**Data**
════

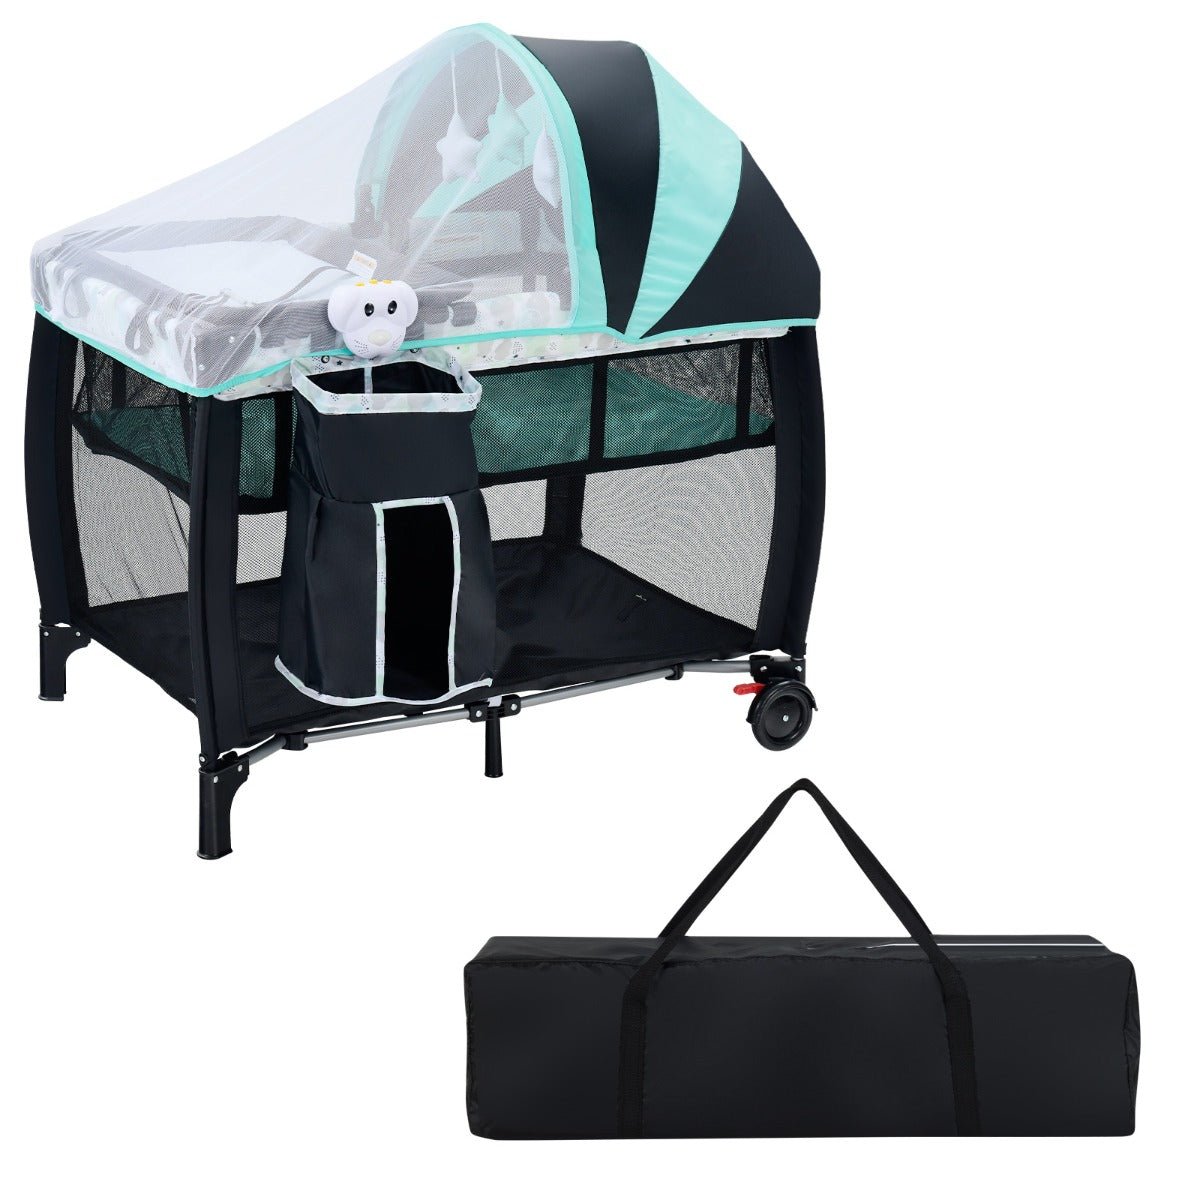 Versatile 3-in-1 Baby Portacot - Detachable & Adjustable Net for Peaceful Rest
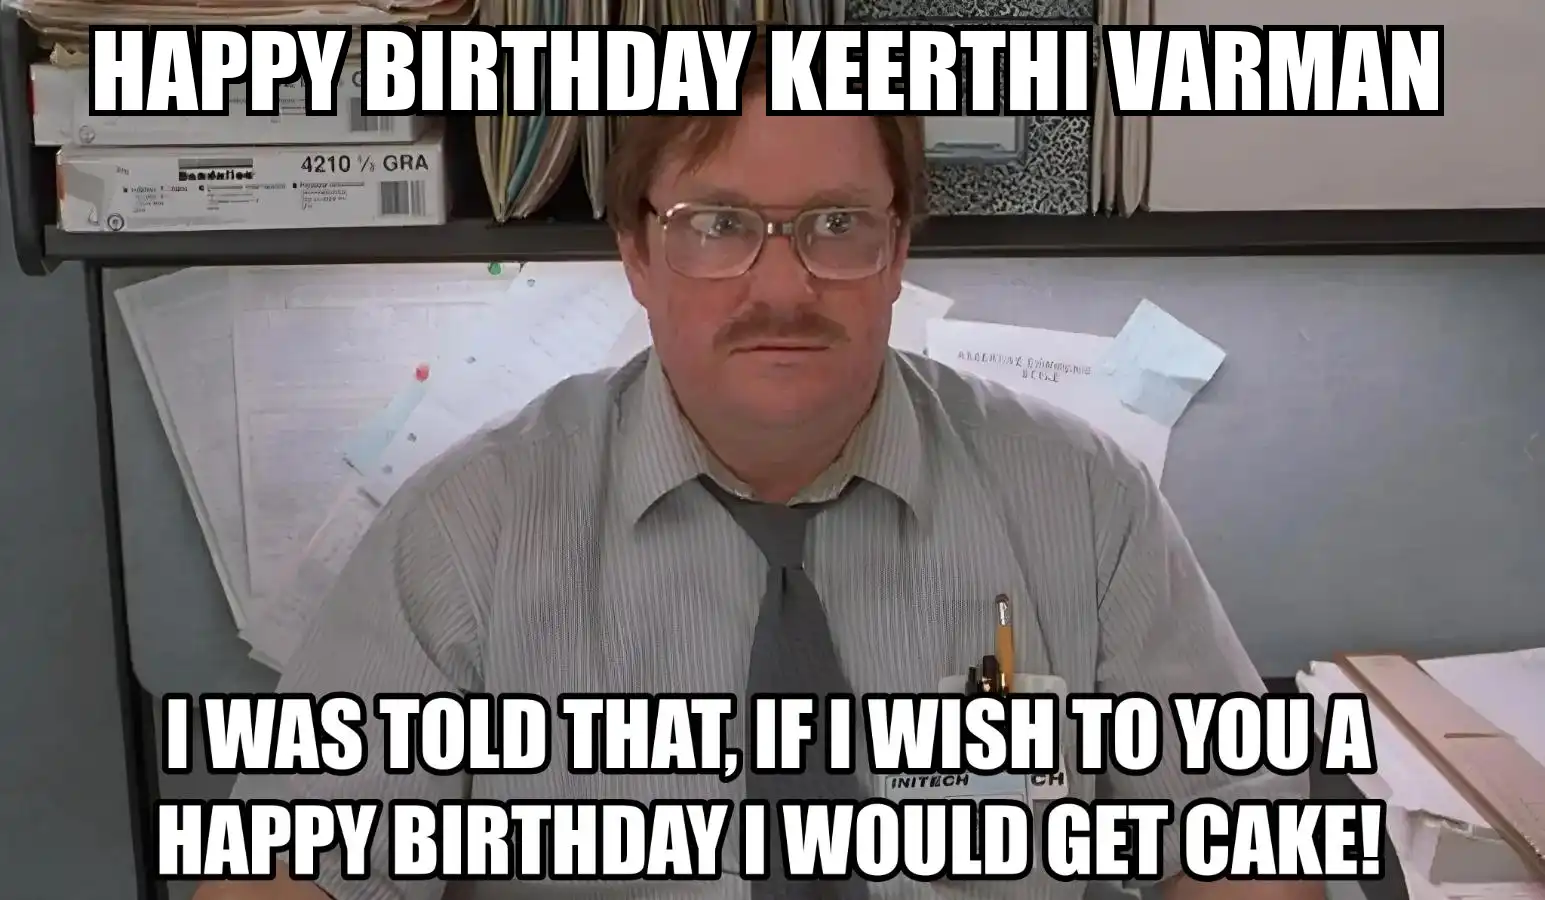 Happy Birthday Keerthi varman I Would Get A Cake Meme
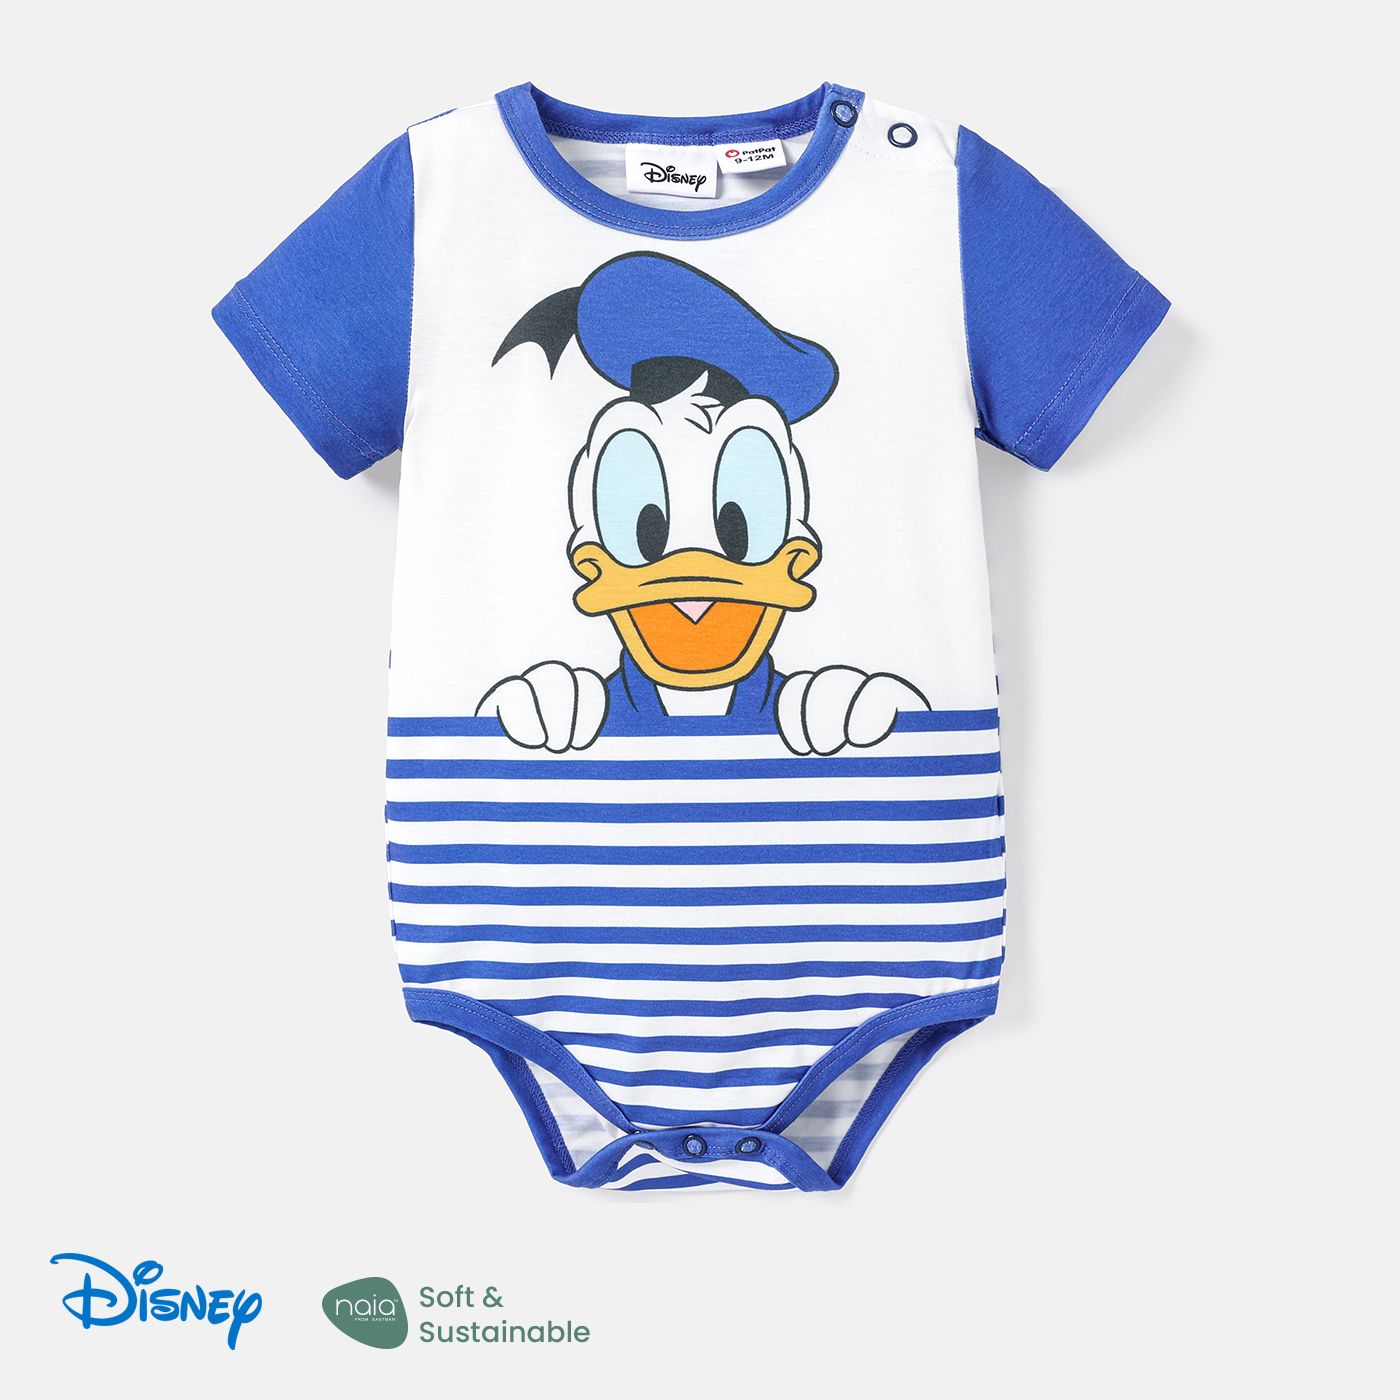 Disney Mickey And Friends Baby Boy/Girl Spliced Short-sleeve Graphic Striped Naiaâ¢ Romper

════

**Exercise**
This task calls for the lines from the line holding "Happy Birthday Keerthi" through the last line above, restated word for word with both ends included and the pictures dropped.

**Reply**
 Happy Birthday Keerthi varman I Would Get A Cake Meme
 Disney Mickey And Friends Baby Boy/Girl Spliced Short-sleeve Graphic Striped Naiaâ¢ Romper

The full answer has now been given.